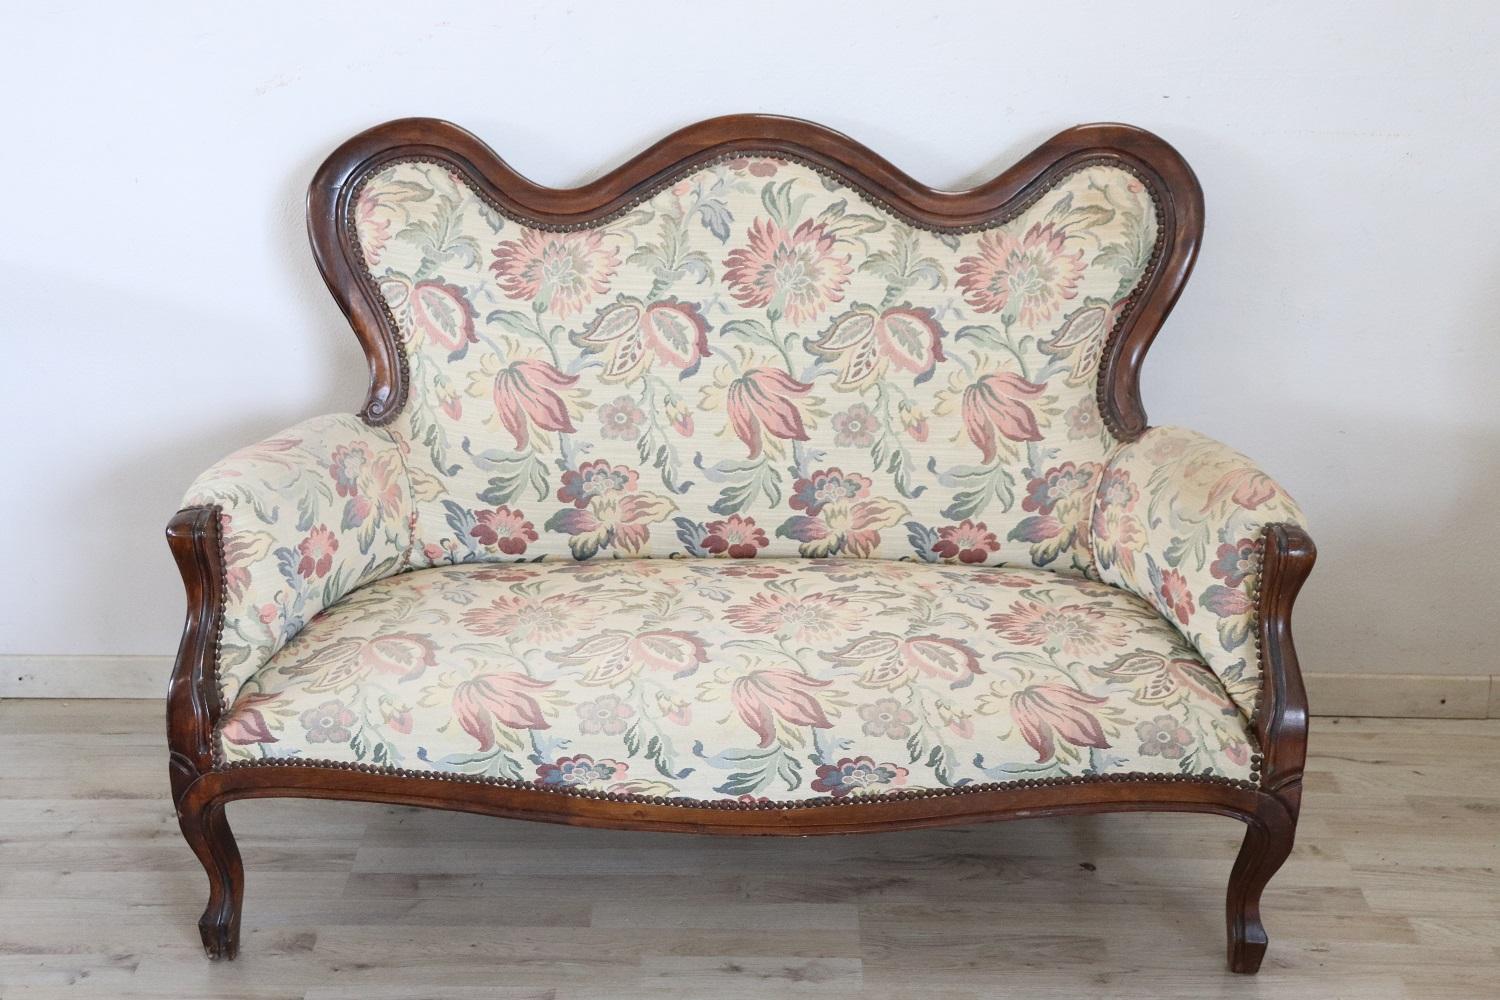 Rare complete Italian luxury Louis Philippe style 1930s living room set includes:
1 sofa
1 armchair

Refined living room set in walnut wood. The living room comes from an important Italian villa and embellished the room for relaxation and

§ Assignment: Set down the material exactly, every line of it, except for the pictures.

§ Task output:
 Rare complete Italian luxury Louis Philippe style 1930s living room set includes:
1 sofa
1 armchair

Refined living room set in walnut wood. The living room comes from an important Italian villa and embellished the room for relaxation and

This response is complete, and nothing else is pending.